California is generally regarded as providing broad leeway for non-retained experts to testify on a range of matters. Several recent decisions, however, have narrowed the scope of permissible testimony for non-retained treating physician experts. Defense counsel, including those handling medical malpractice cases, should take advantage of these decisions in expert depositions, pre-trial motions, and Evidence Code 402 hearings, as the cases may be fatal to a plaintiff’s claim.
Retained Versus Non-retained Experts -
By statute in California, any party may demand a mutual and simultaneous exchange of information about all persons whose expert opinion the parties expect to offer at trial.
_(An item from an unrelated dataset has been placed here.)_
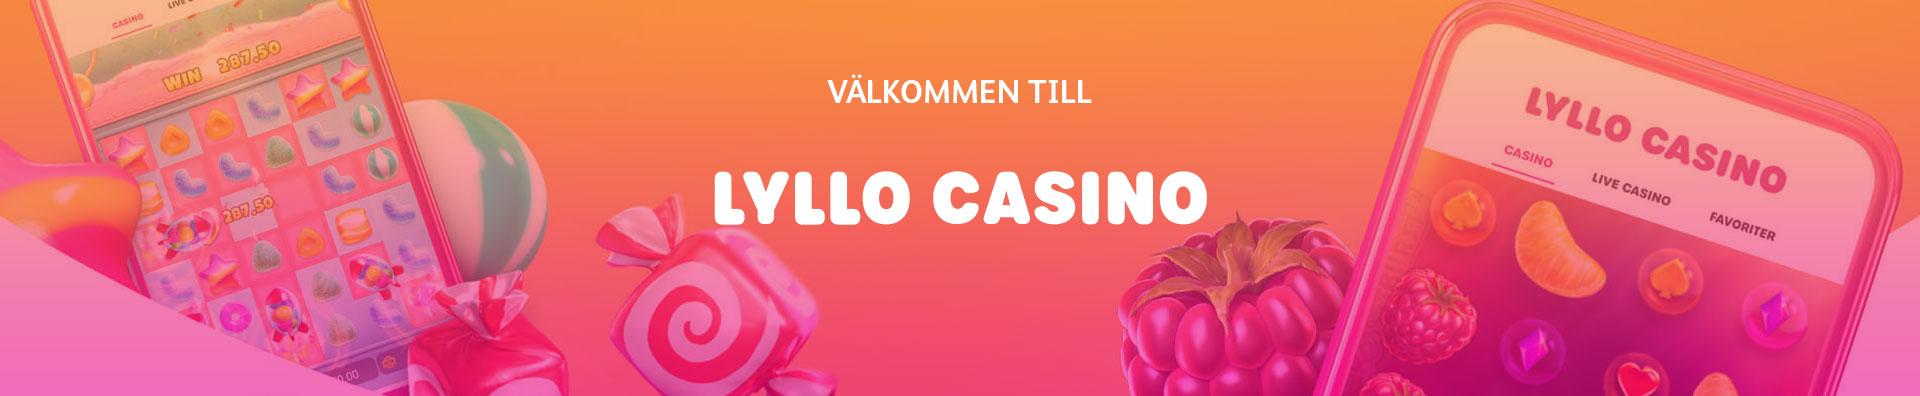 Lyllo Casino Recension
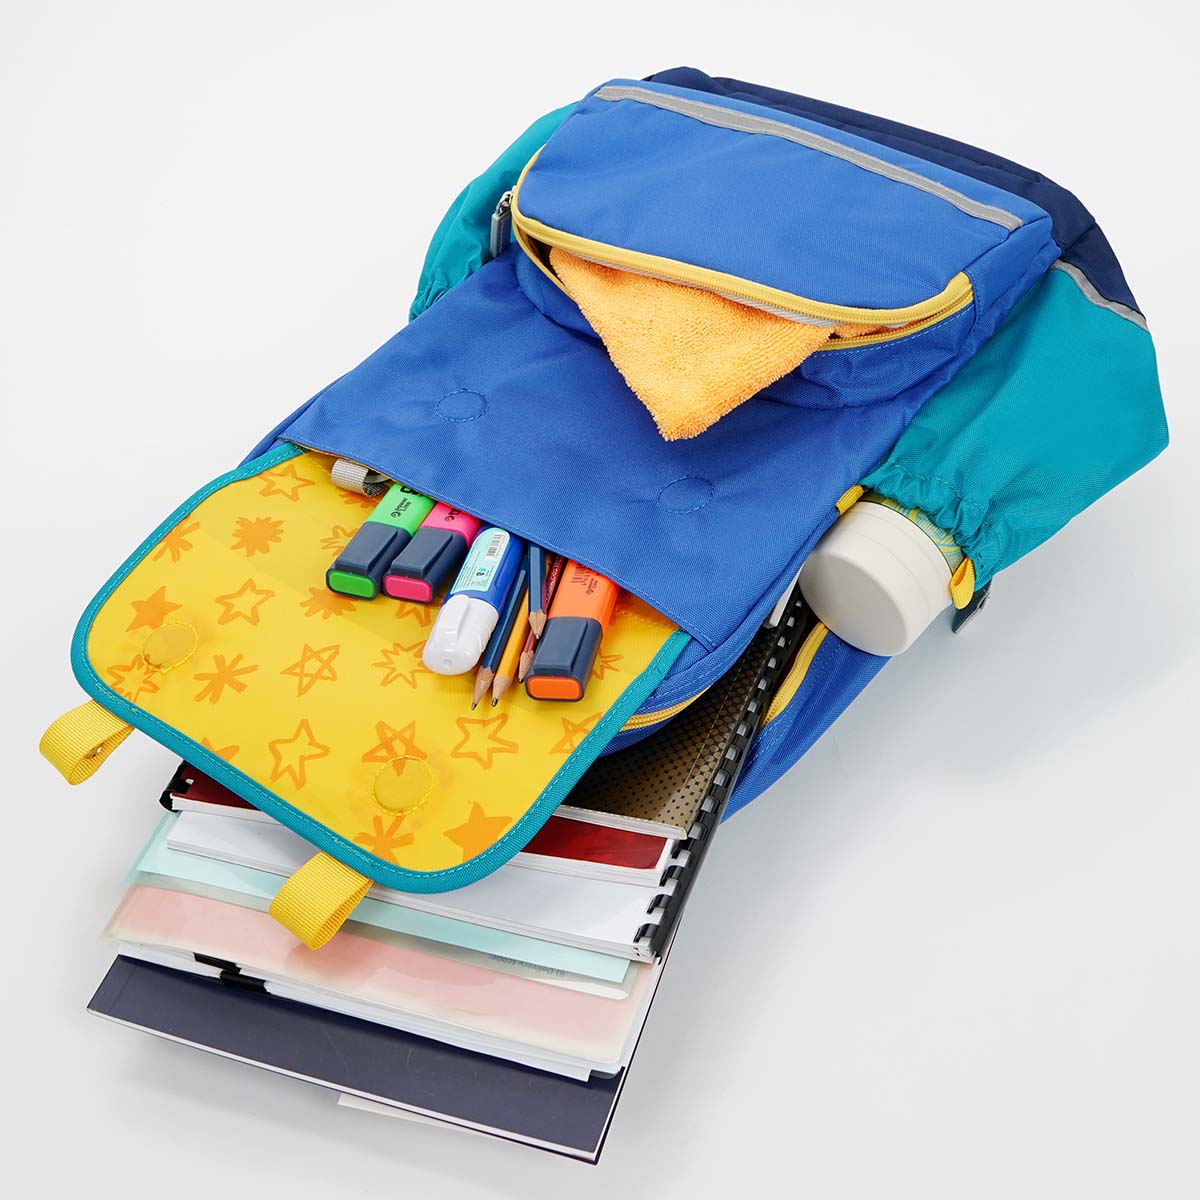 簡潔的設計糅合了多袋式設計，方便擺放上課用品之餘，也可讓孩子學習如何管理自己的雜物和「有手尾」。

Failure to timely exchange generally precludes the presentation of expert evidence at trial, which may result in crucial evidence being excluded. Each party must exchange a list setting forth the name and address of each person whose expert opinion the party expects to offer in evidence at trial. there are two types of physician experts, retained and non-retained. Non-retained experts, such as a plaintiff’s treating physician, are percipient witnesses who can be called upon to give their expert opinions based on their observations. Thus, although a treating physician is a percipient expert, that does not mean that his or her testimony is limited only to personal observations. A treating physician can provide opinion testimony based on the facts independently acquired and informed by the physician’s training, skill, and experience.